Merle entra, avec sa tranquille dignité que les rebuffades ne pouvaient entamer.

«M. le préfet de la Somme... commença-t-il.

—Encore!» interrompit furieusement Rougon.

L'huissier s'inclina, attendit de pouvoir parler.

«M. le préfet de la Somme m'a prié de demander à Son Excellence si elle le recevrait ce matin. Dans le cas contraire, Son Excellence serait bien bonne de lui fixer une heure pour demain.

—Je le recevrai ce matin.... Qu'il ait un peu de patience, que diable!» La porte du cabinet était restée ouverte, et l'on apercevait l'anti-chambre, par l'entrebâillement, une vaste pièce, avec une grande table au milieu, et un cordon de fauteuils de velours rouge, le long des murs. Tous les fauteuils étaient occupés; même deux dames se tenaient debout, devant la table. Les têtes se tournaient discrètement, des regards se glissaient dans le cabinet du ministre, suppliants, tout allumés du désir d'entrer.

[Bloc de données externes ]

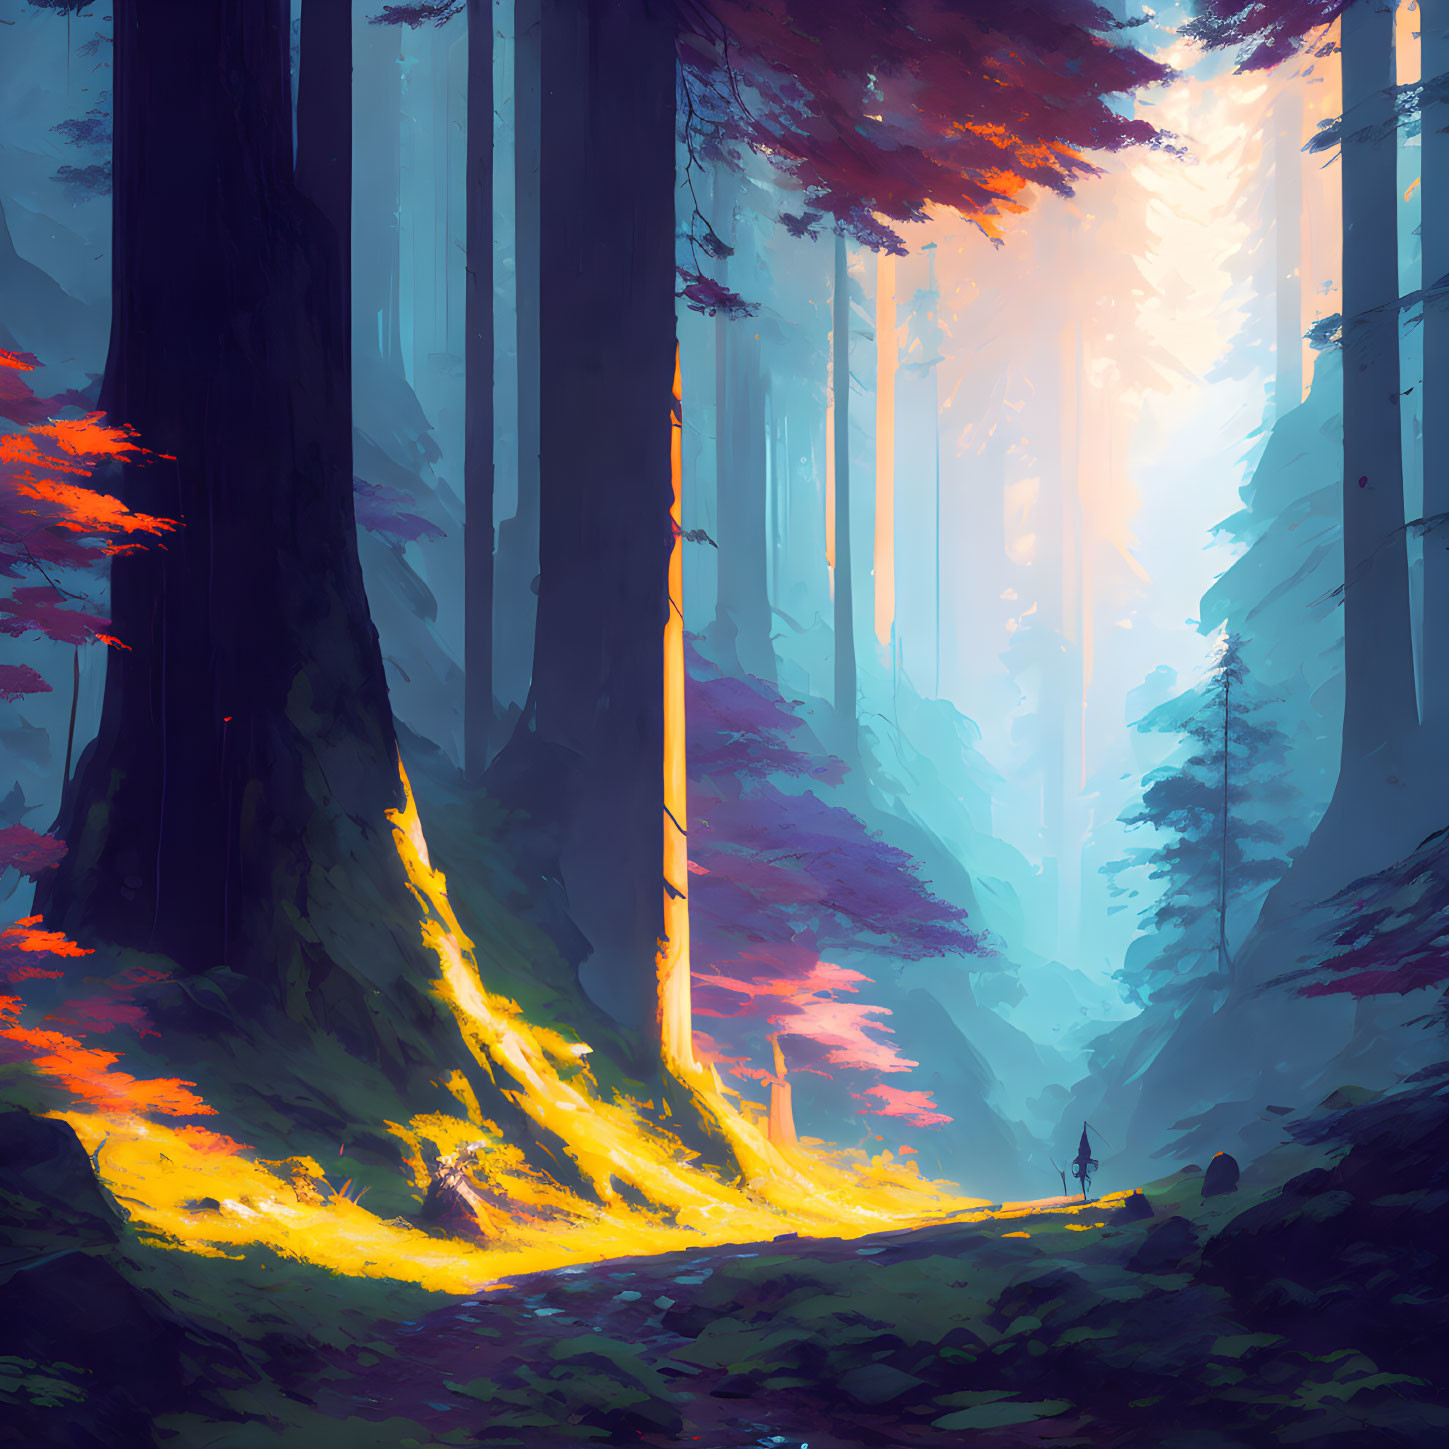 Lush forest with tall trees, sunlit path, colorful foliage, and small figure.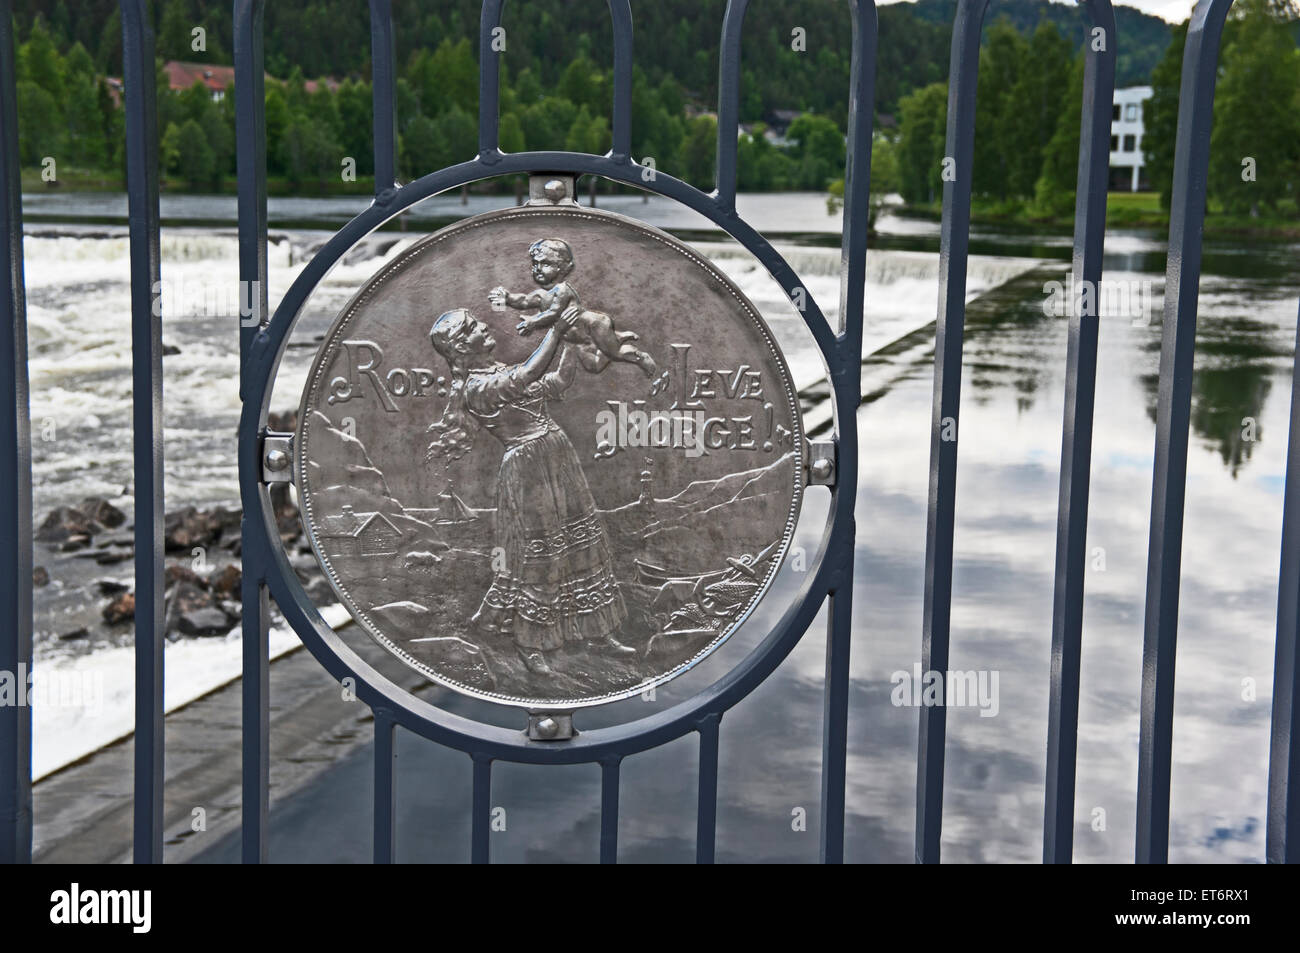 Replica Mint Coin, From Royal Mint Silver Mine, On Bridge over River, Kongsberg, Buskerud, Norway, Stock Photo

Près de la porte, le préfet de la Somme, un petit homme blême, causait avec ses deux collègues du Jura et du Cher. Et comme il faisait le mouvement de se lever, croyant sans doute qu'il allait enfin être admis, Rougon reprit, en s'adressant à Merle:

«Dans dix minutes, entendez-vous.... Je ne puis absolument recevoir personne en ce moment.» Mais il parlait encore qu'il vit M. Beulin-d'orchère traverser l'anti-chambre. Il alla vivement à sa rencontre, l'attira d'une poignée de main dans son cabinet, en criant:

«Eh! entrez donc, cher ami! Vous arrivez, n'est-ce pas? Vous n'avez pas attendu?... Quoi de nouveau?» La porte fut refermée sur le silence consterné de l'anti-chambre. Rougon et M. Beulin-d'orchère eurent un entretien à voix basse, devant une des fenêtres; le magistrat, nommé récemment premier président de la Cour de Paris, ambitionnait les sceaux; mais l'empereur, tâté à son égard, était resté impénétrable.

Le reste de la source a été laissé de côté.